**TASK DIRECTIONS**
Give back each entry unchanged, minus pictures.

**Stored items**
<<<<
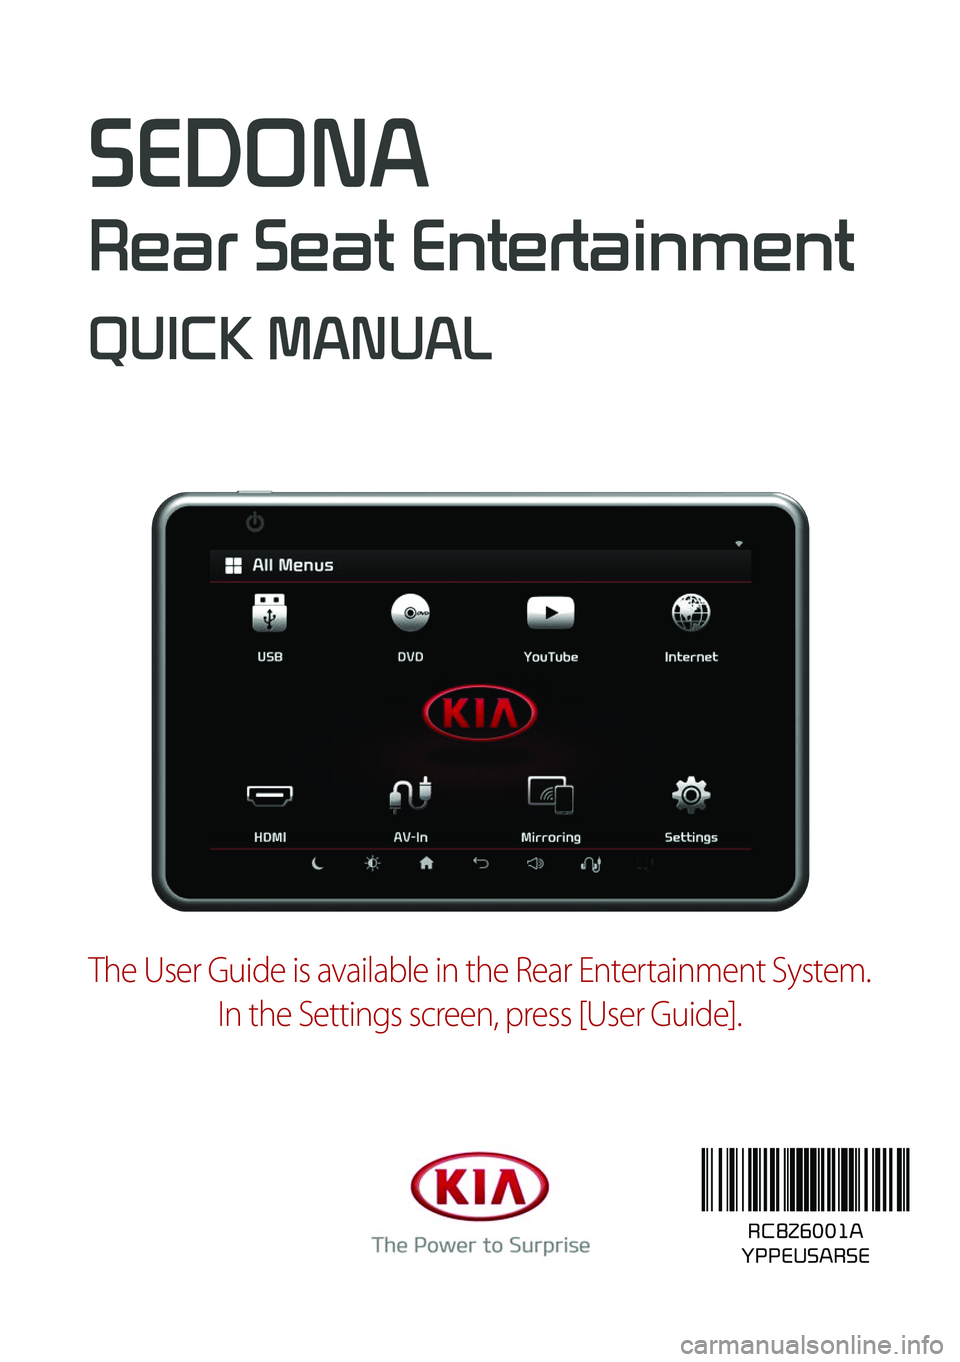 KIA SEDONA 2019  Rear Seat Entertainment System SEDONA 
Rear Seat Entertainment
QUICK MANUAL
RC8Z6001ARC8Z6001A
YPPEUSARSE
The User Guide is available in the Rear Entertainment System.In the Settings screen, press [User Guide].
>>>>
**EXERCISE RESULT**
 KIA SEDONA 2019  Rear Seat Entertainment System SEDONA 
Rear Seat Entertainment
QUICK MANUAL
RC8Z6001ARC8Z6001A
YPPEUSARSE
The User Guide is available in the Rear Entertainment System.In the Settings screen, press [User Guide].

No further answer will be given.